All patients underwent both SIT and CCT. All antihypertensive drugs including diuretics, β-blockers, angiotensin-converting enzyme-inhibitors, and angiotensin II receptor blockers were discontinued at least 4 weeks prior to measuring plasma aldosterone concentration (PAC) and PRA (at least 6 weeks in the case of spironolactone). Instead, calcium channel blockers (verapamil or amlodipine) and/or α-blockers (doxazosin) were administered. Patients were advised to maintain their regular diet and sodium intake. Hypokalemia was corrected before the two tests, which were done after an overnight fast and on two consecutive days. Patients received the SIT on the first day and the CCT on the second day. For the SIT test, patients were kept in the recumbent position for at least 30 minutes.
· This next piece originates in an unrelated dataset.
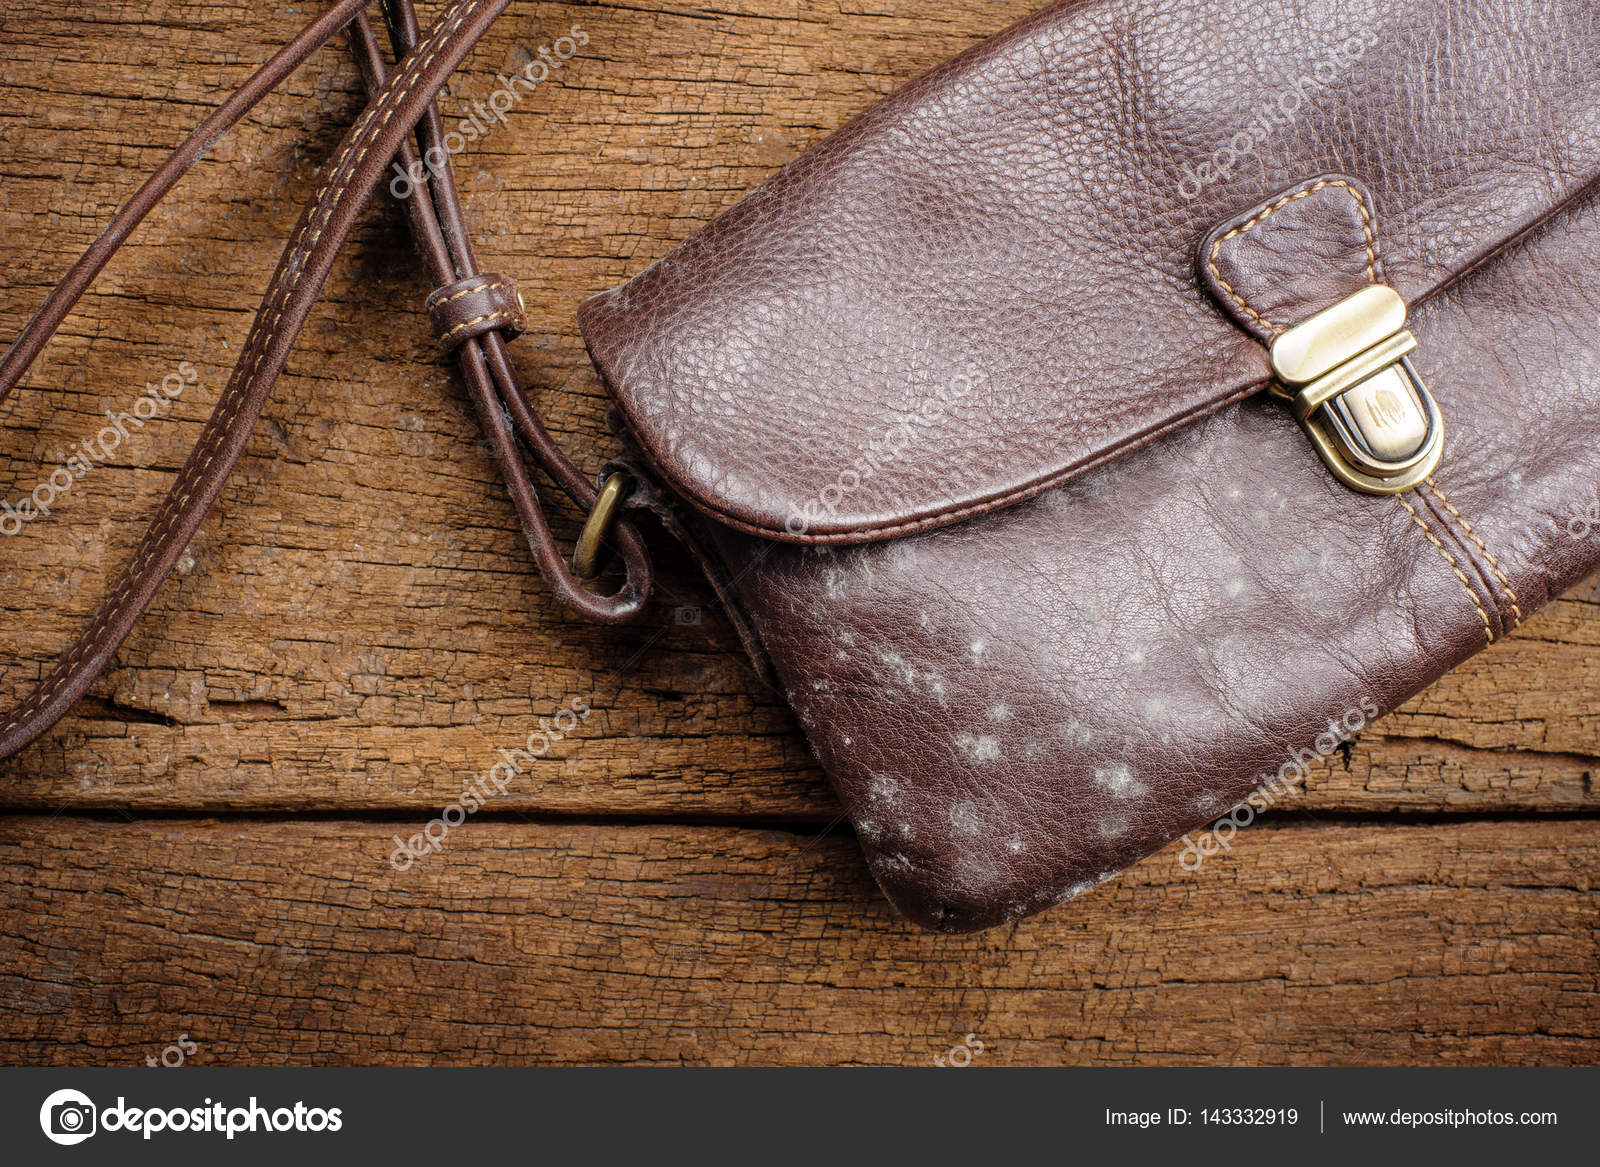 Bekannt Schimmel an Tasche — Stockfoto © norgallery #143332919 LL31

Afterwards, 2 L of 0.9% NaCl was infused intravenously over 4 hours. Blood samples for PAC were drawn before and at the completion of the saline infusion. A positive test was considered if PAC post-SIT was ≥10 ng/dL [3]. For the CCT, baseline PAC and PRA were sampled after 30 minutes in a sitting position, and after administration of 50 mg captopril tablets, blood samples were drawn for measurement of PAC and PRA at 60 and 90 minutes [4].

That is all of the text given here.